Sandwiched in between Hurricane Harvey and Labor Day Weekend, Desiring God founder and teacher John Piper released his commentary on the Nashville Statement, authored and approved recently by many leading evangelicals “in the hope of providing a biblically faithful standard in our day” in regards to the “new ethical landscape” of sexual ethics. published some of Piper’s piece, including links to the full commentary and statement, not necessarily as a point of editorial agreement, but to provide a platform for conversation. As stated in that post, we strive to be a platform that encourages unity, especially within the Church.

In tracking the subsequent wave of reaction I found a Facebook Live post, “My Thoughts on the Nashville Statement,” by Perry Noble, founder of The Growth Company and author of Unleash! Noble said he views the Nashville Statement as a wall builder, not representative of the Christian faith, and delivered an apology to the gay community as someone from the evangelical community.

“Let me say just for the record and right up front that I am a solid believer in Christian marriage, a man and a woman,” he said. “I believe that with all my heart, however, I believe that the Nashville Statement actually did more harm in regards to Christianity. I believe it did more harm than good because it was a demonstration of how Christians are interested in building walls and not bridges.”

After describing how a gay friend said to him after the Nashville Statement was released that he appreciated Noble’s stance on the issue of sexual ethics, but also appreciates that Noble speaks out “on behalf of people like me.”

“And he went on to say, ‘I’m thankful for guys like you who are way [more] interested in preserving a relationship over winning the argument,’” Noble explained. “I think that’s one of the problems in Christianity today is that we are way too obsessed with being right and in our obsession with being right we have isolated ourselves from a group of people that we were not called to condemn but rather have a conversation with.

“I believe we will reach way more people today if we enter into a conversation rather than condemnation.”

Noble said the subject is one that definitely should be talked about in the Church, but it should be preached in compassion, grace, and love “rather than condemning people and saying, ‘You’re evil and shouldn’t be doing that.’”

“Why in the world should we be drawing a line in the sand when we should be having a conversation,” he said. “Because, guess what, if someone is gay or someone is transgender they have a story and instead of trying to tell them our story, what if we actually sat down at a table and were willing to listen to theirs?”
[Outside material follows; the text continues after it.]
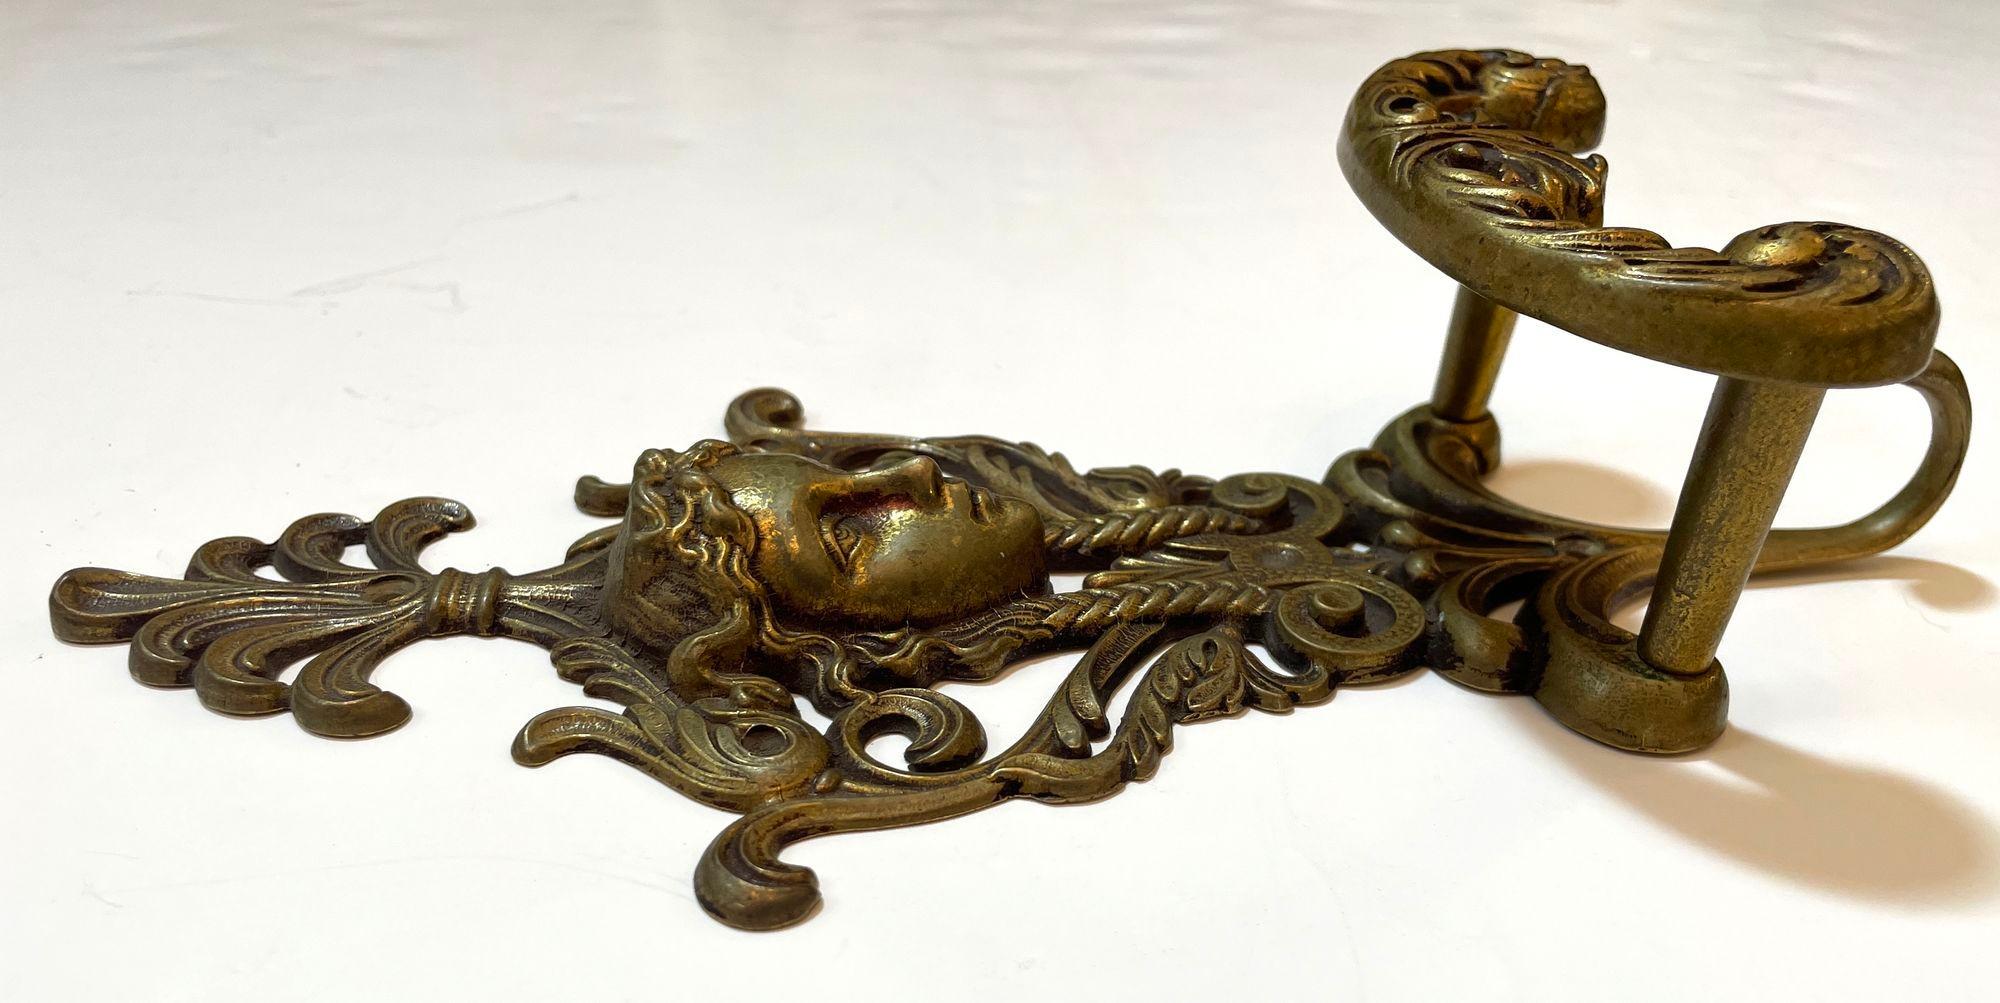 Antique Ornate Italian Figural Architectural Cast Brass Wall Hook Decor Set of 3 For Sale 5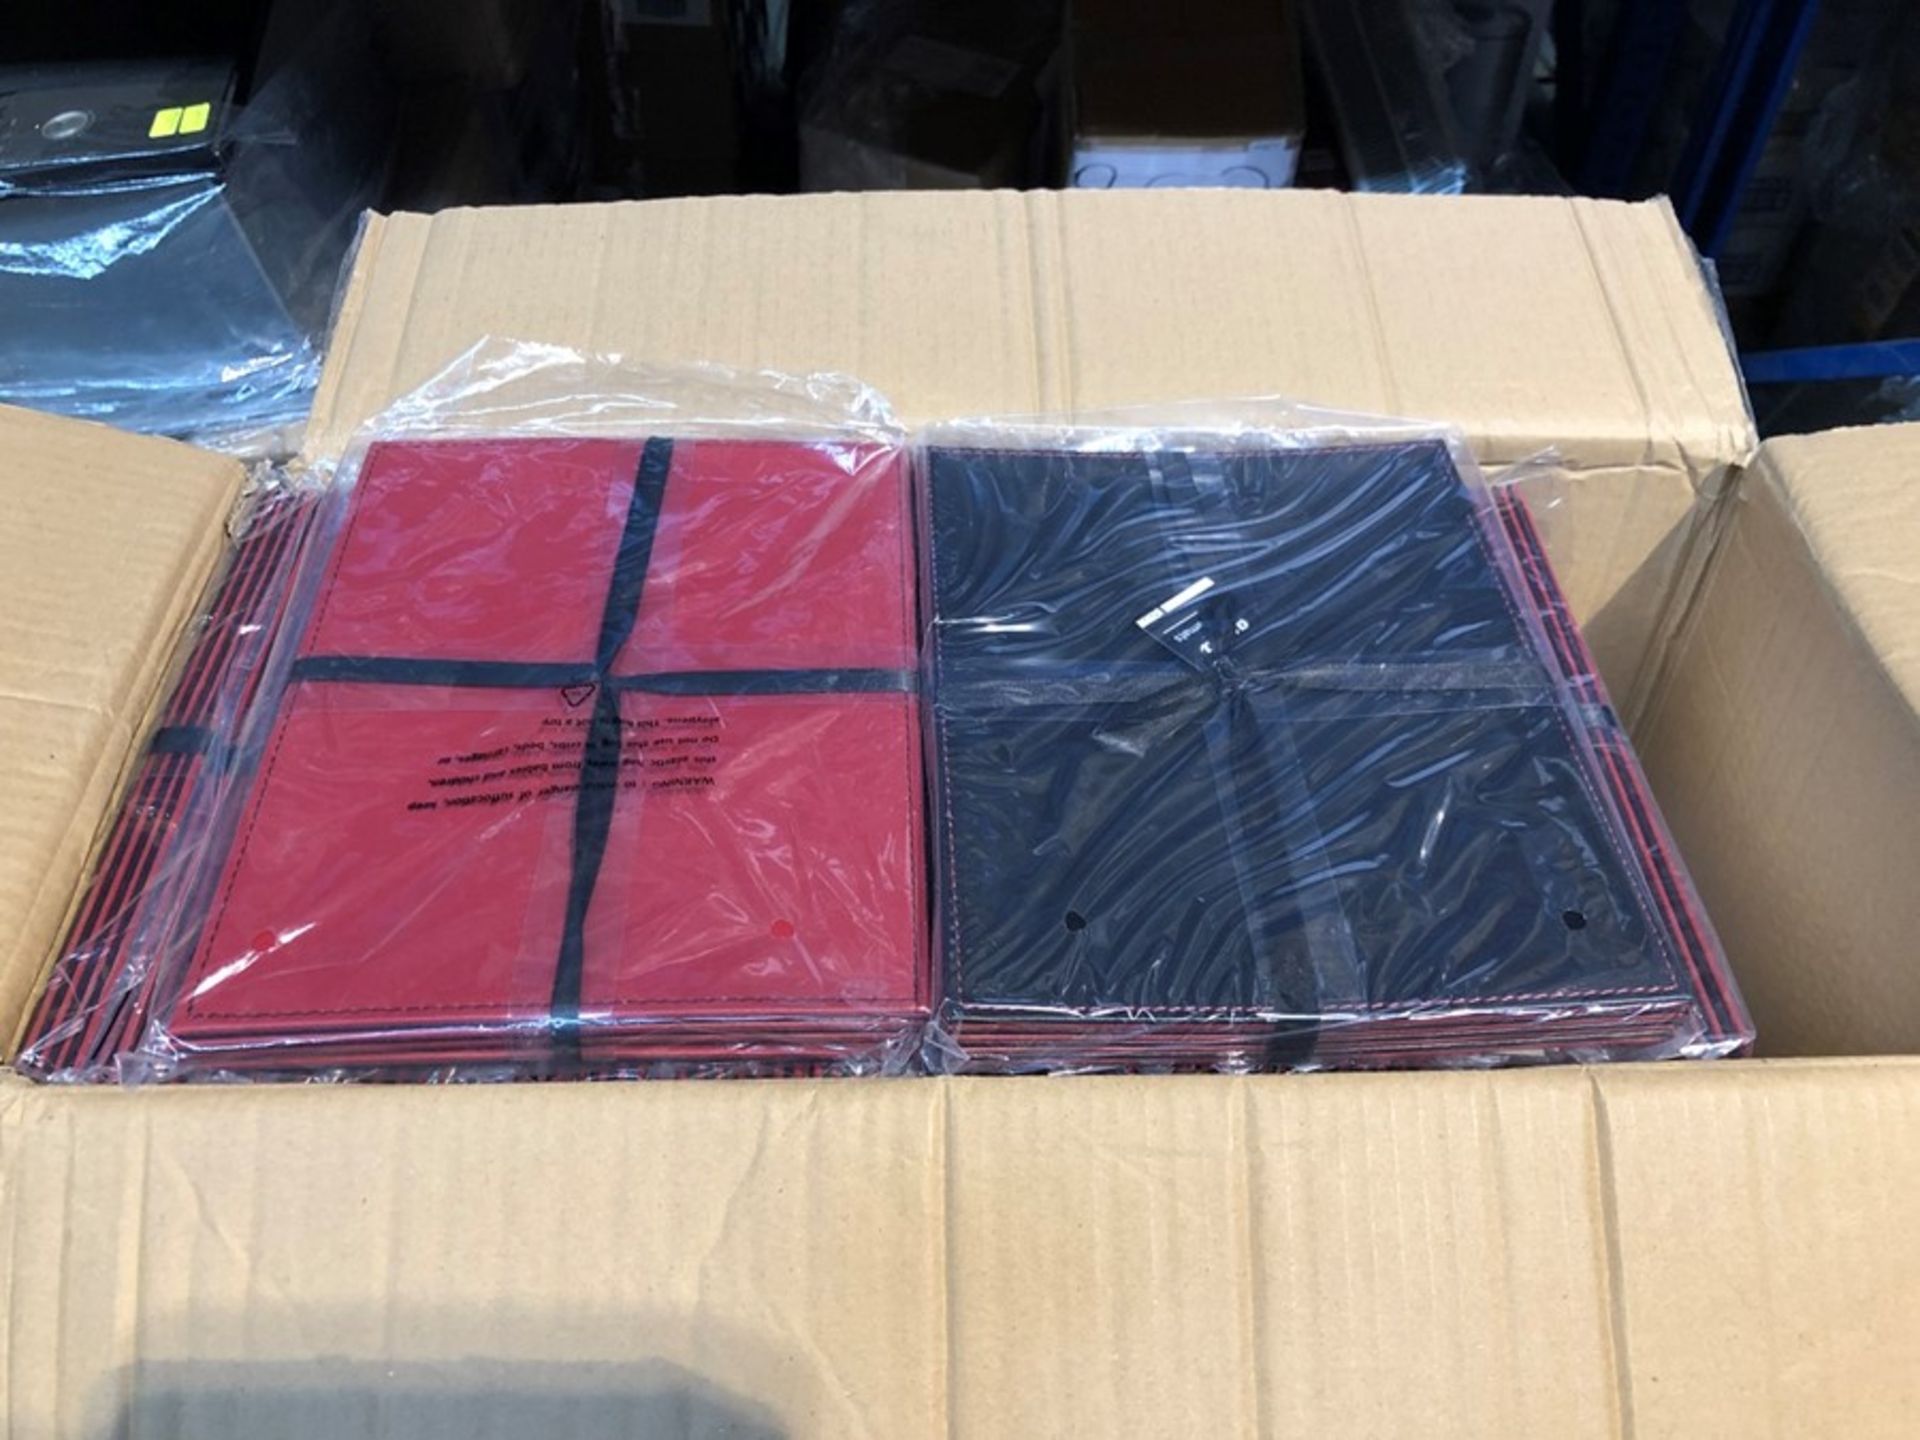 1 LOT TO CONTAIN 18 PLACEMATS / RRP £107.82 (PUBLIC VIEWING AVAILABLE)

Addressing people that are gay or transgender, he said, “I want to offer you an apology on behalf of an evangelical Christian (points to himself), who does not believe what those people… I do not adhere to what they said for the most part. I do adhere to Christian marriage, marriage between a man and a woman, but you know what, if you don’t agree with that I can still be your friend. I can still see eye-to-eye with you … I can still sit down and have a conversation with you. You know why? Because Jesus said, ‘Let the one who is without sin cast the first stone’ and I don’t have any rocks in my pocket.

“I want to tell you that I am sorry for the way you were treated, but I wanted to tell you that I truly do believe that the gospel is Jesus Christ, crucified on a cross, buried, [and] rose from the dead. That’s the gospel. Period.”